Q3. How did T6 heat treatment cause deformation, and how was it corrected?

During solution quenching, the frame's varying wall thicknesses and elongated geometry cooled at different rates, causing differential contraction that produced flatness deviations of 0.6–1.0mm. This was addressed by optimizing the part's entry angle and placement during quenching to improve uniformity, and by developing a dedicated calibration fixture applied after heat treatment to correct the deformation based on the casting's specific distortion pattern. After validation, deformation was fully brought within the required geometric tolerance H standard.

Q4. What does the ISO 2768-mH tolerance grade mean for a precision instrument frame?

ISO 2768-mH combines medium (m) general dimensional tolerance with the H class for geometric tolerances—the most precise geometric tolerance class in the standard, covering straightness, flatness, perpendicularity, parallelism, and symmetry.
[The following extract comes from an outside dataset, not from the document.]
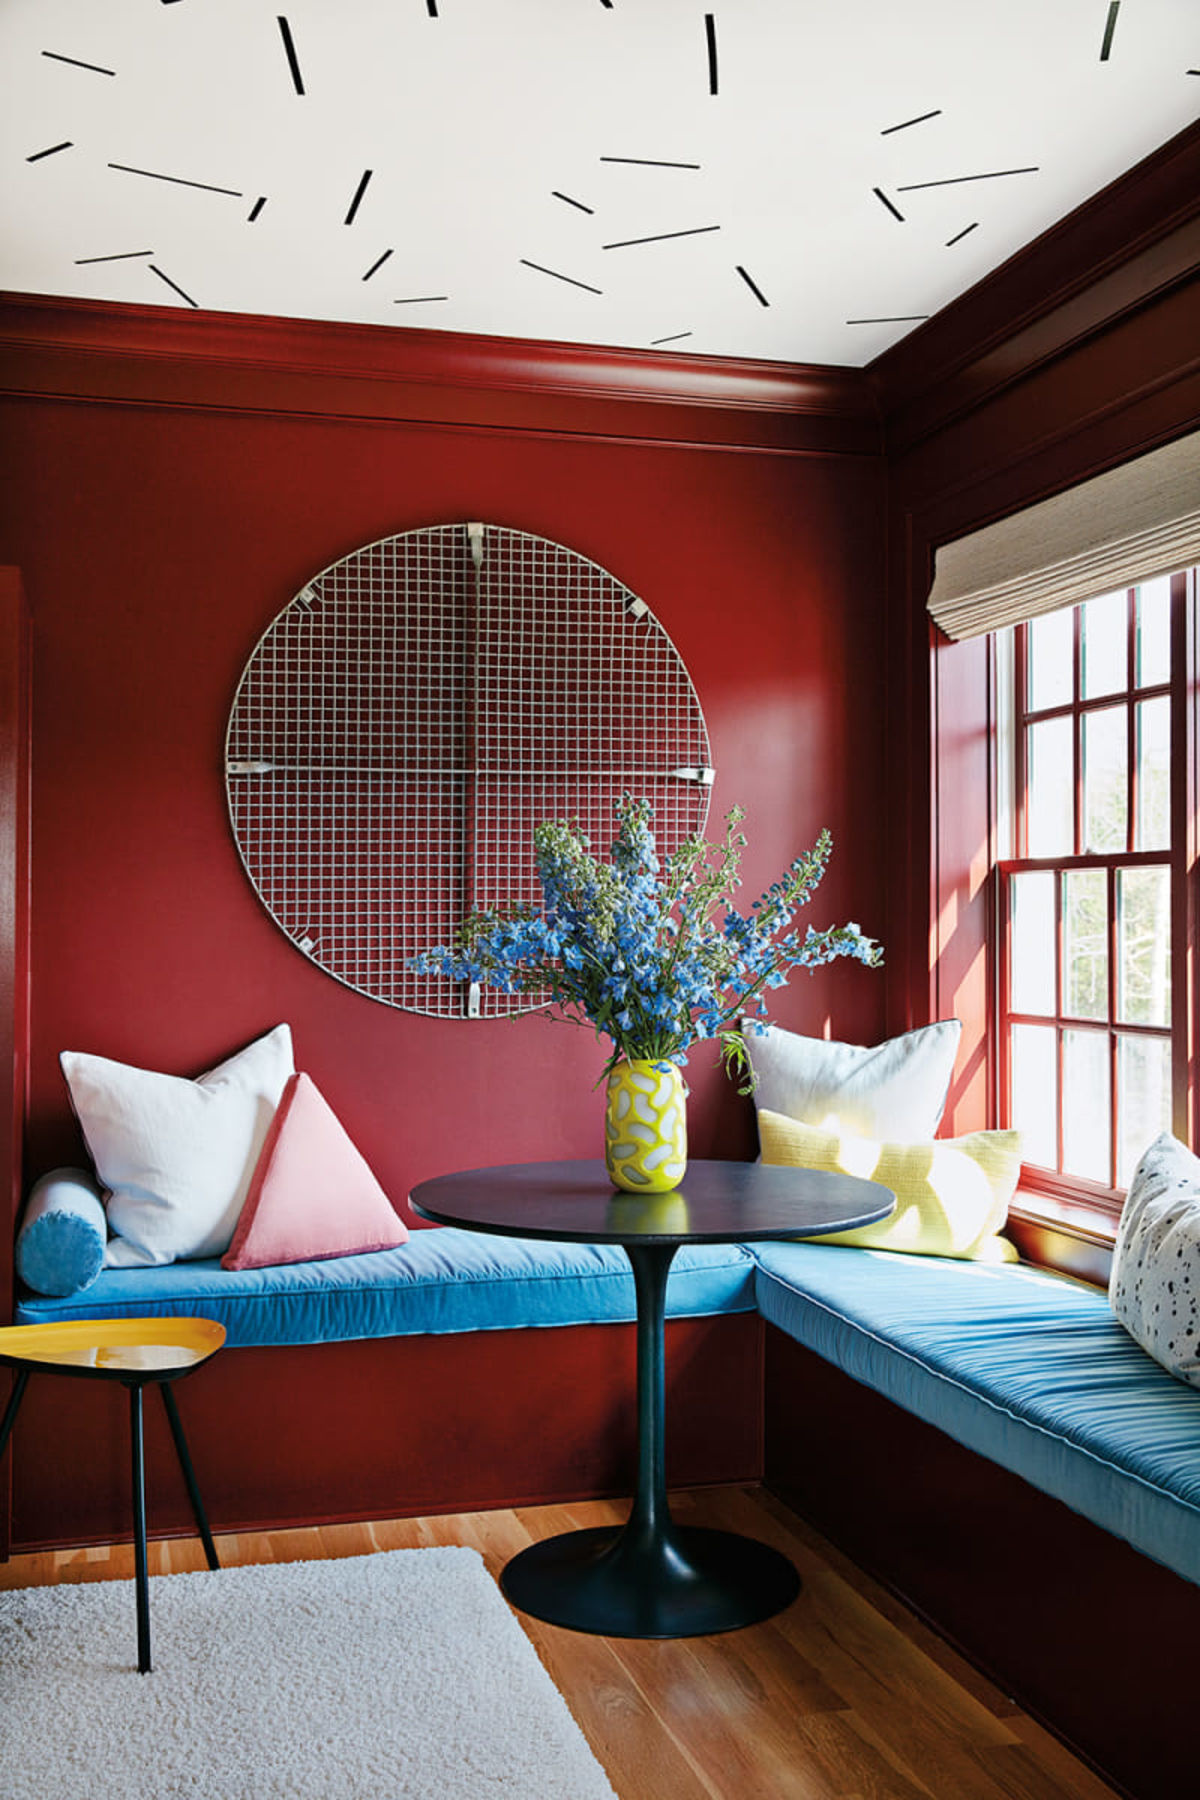 Ngôi nhà của một nghệ sĩ tại Georgia (Hoa Kỳ) với phòng khách đặc biệt bố trí ngay cạnh bệ cửa sổ. Bức tường màu đỏ thẫm, trần nhà độc đáo, một chiếc bàn tròn cùng bệ cửa góc L tạo nên một khu vực chuyện trò thân tình, ấm áp.
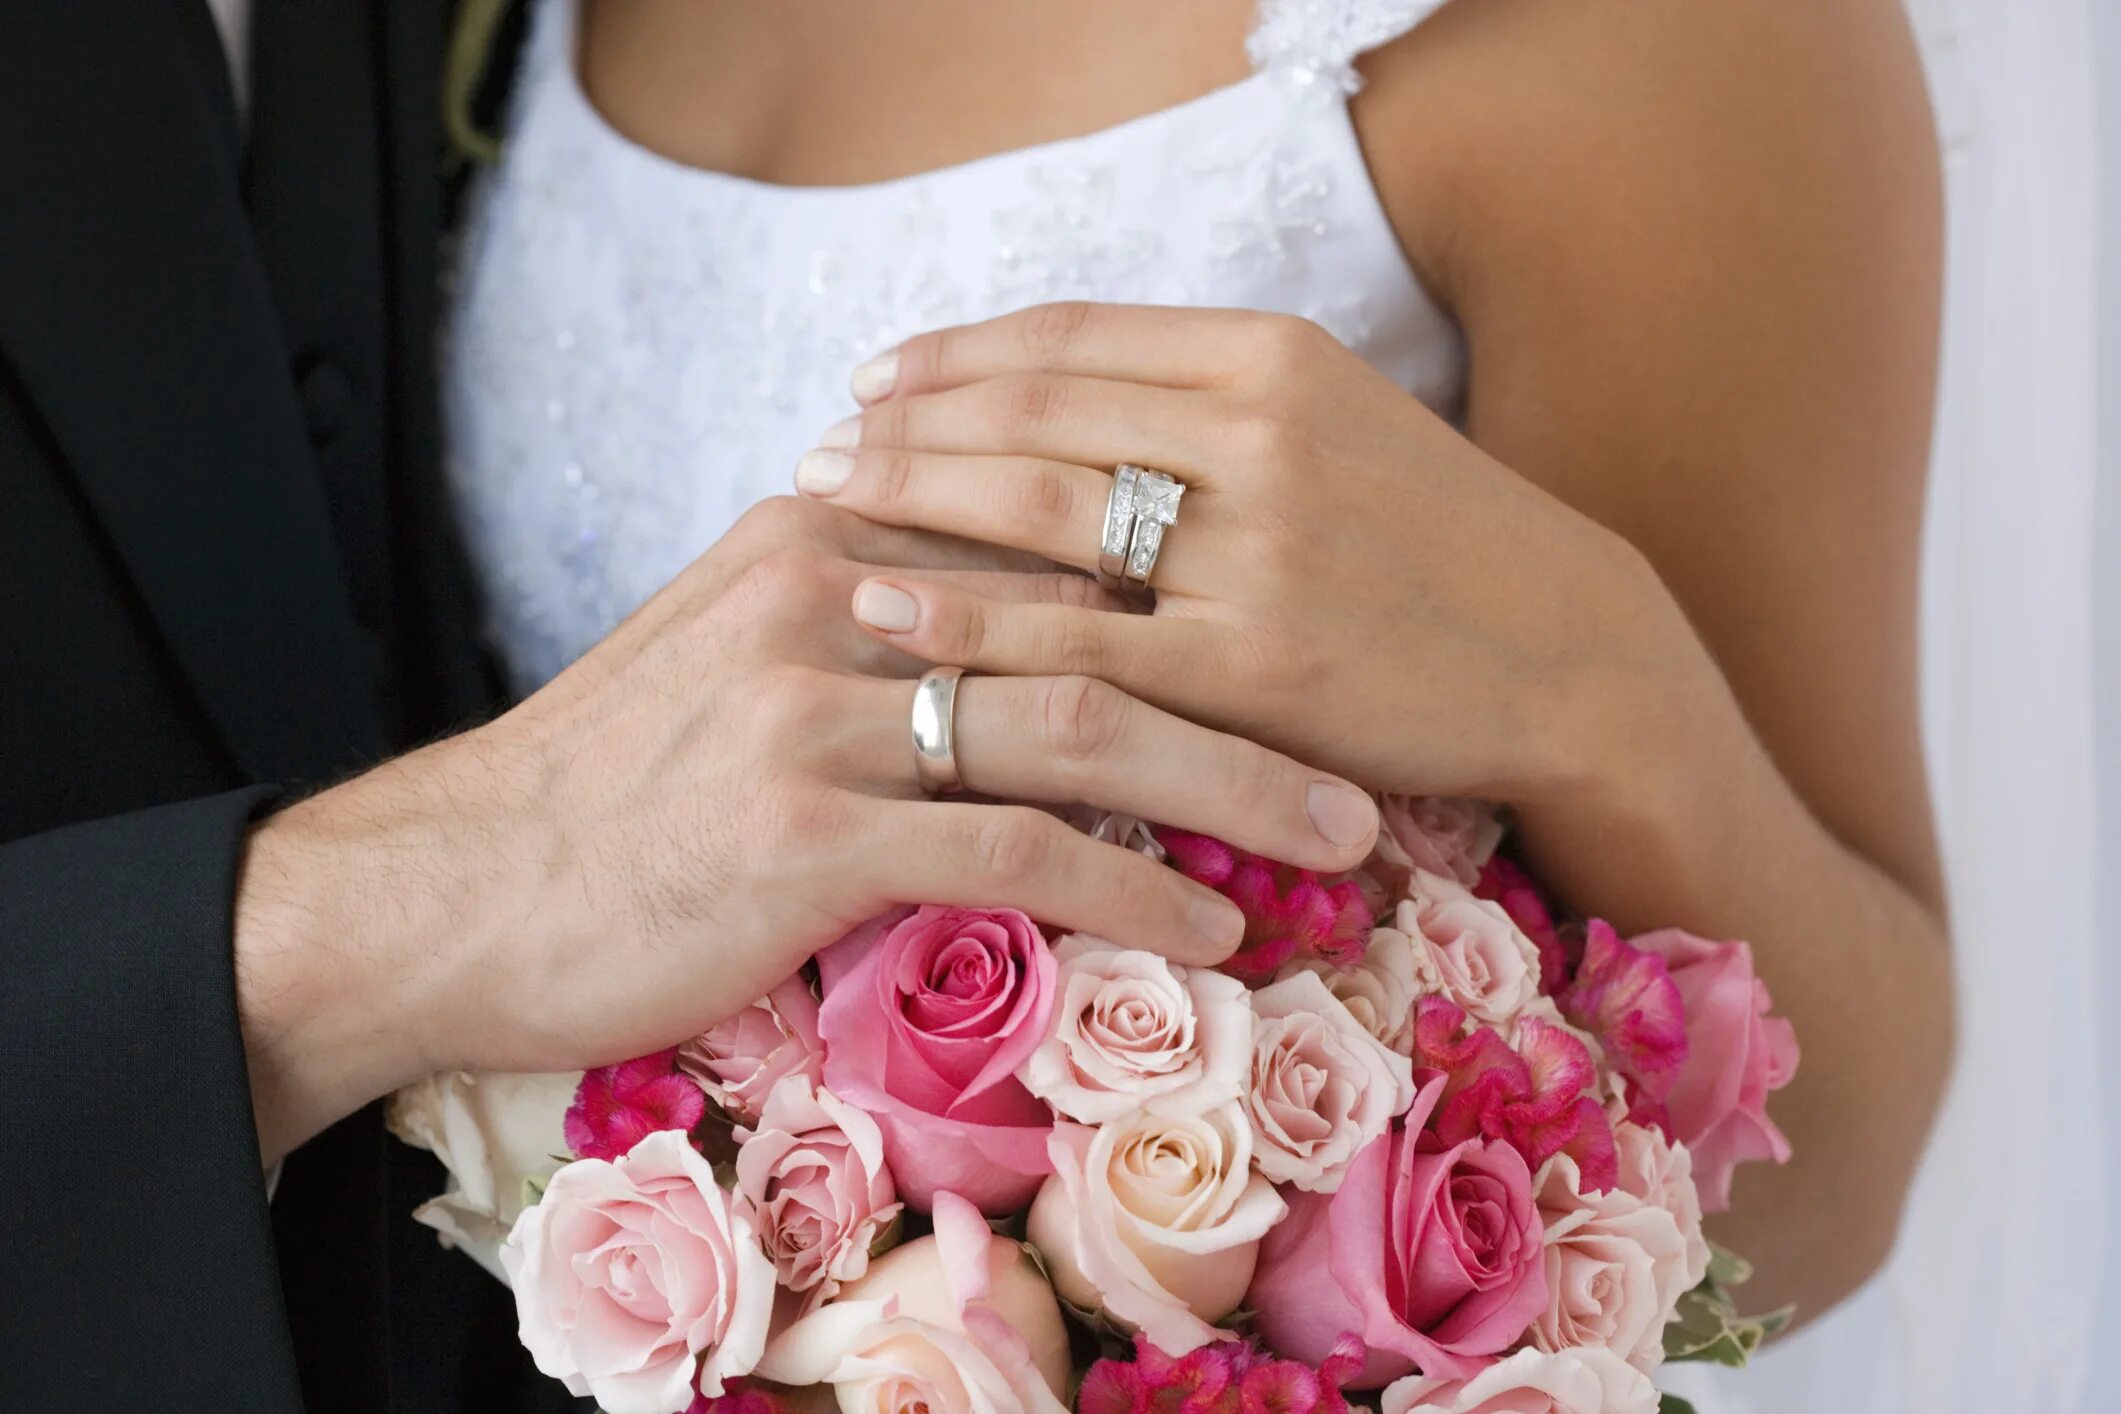 Кольцо замужества. Свадебные кольца на руках. Кольцо для замужества. Молодожены руки с кольцами. Свадьба руки с кольцами.

For a metering instrument frame that must precisely locate and protect internal sensing components, H-class geometric tolerances ensure the frame's reference surfaces and mounting features are accurate enough that assembly errors do not shift the instrument's calibrated zero point or introduce measurement bias.

Q5. Why is anodizing used as the surface finish rather than powder coating for this instrument frame?

Anodizing forms a hard, thin aluminum oxide layer (typically 10–25µm) that is integral to the part surface rather than a separate coating layer—making it dimensionally far more predictable than powder coating and ensuring it does not affect the tight geometric tolerances achieved through CNC machining. For a precision instrument frame where mating surfaces and mounting interfaces must maintain their exact dimensions after surface treatment, anodizing's controlled, uniform thickness is essential. It also provides good corrosion resistance and a consistent appearance appropriate for precision instrumentation.